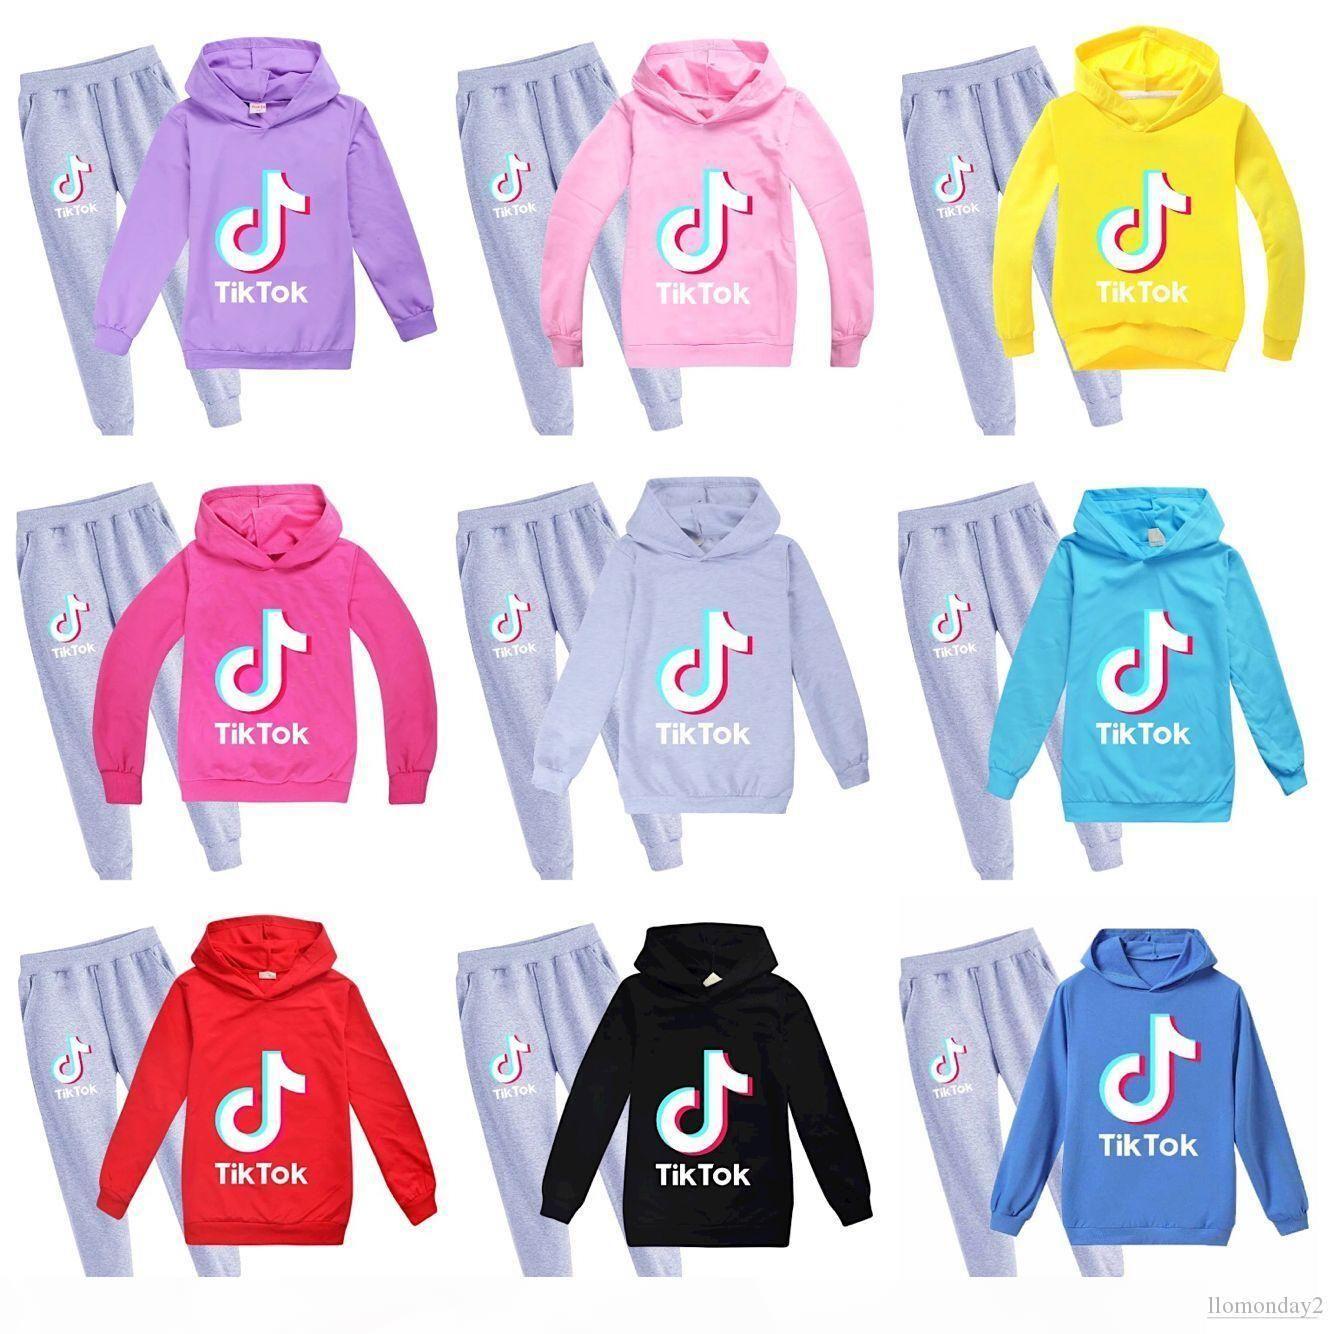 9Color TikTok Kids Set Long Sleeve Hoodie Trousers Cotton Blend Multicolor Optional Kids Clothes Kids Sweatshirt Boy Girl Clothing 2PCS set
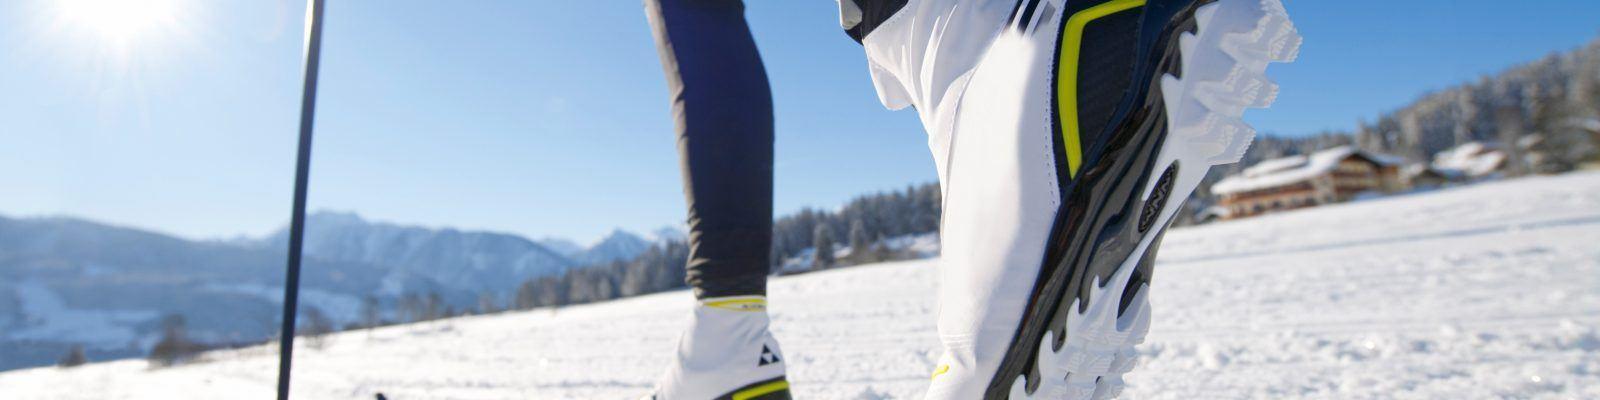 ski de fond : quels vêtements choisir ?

...

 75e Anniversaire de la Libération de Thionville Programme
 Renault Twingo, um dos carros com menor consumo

* * *

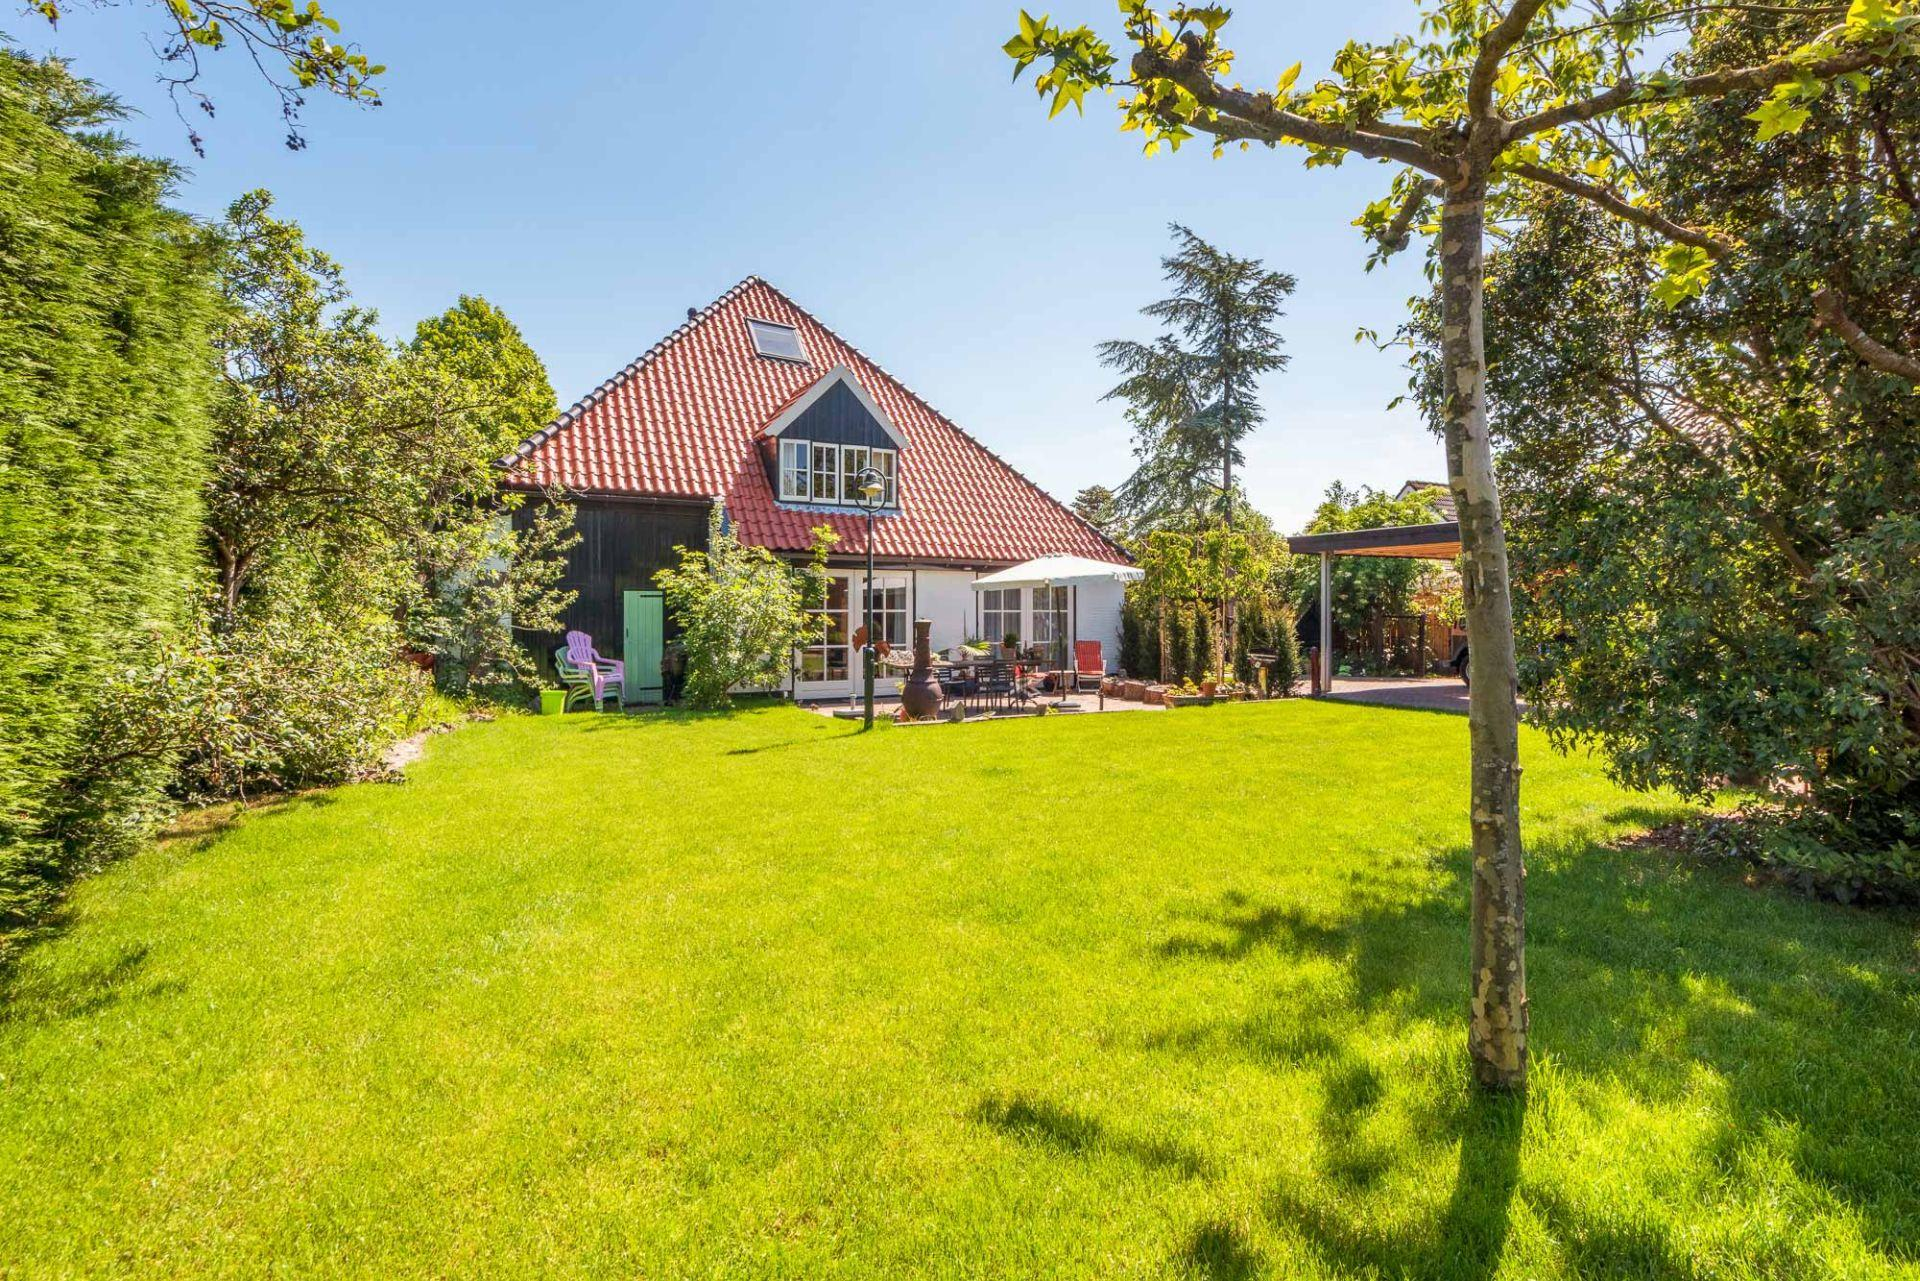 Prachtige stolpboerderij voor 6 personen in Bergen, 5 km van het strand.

### Exercise requirements:
A clean copy is needed of the lines above from the one with "9Color TikTok Kids" up to and including the one with "ski de fond : quels vêtements choisir ?". Please set it down exactly, with no pictures.

### Result of this task:
 9Color TikTok Kids Set Long Sleeve Hoodie Trousers Cotton Blend Multicolor Optional Kids Clothes Kids Sweatshirt Boy Girl Clothing 2PCS set
 ski de fond : quels vêtements choisir ?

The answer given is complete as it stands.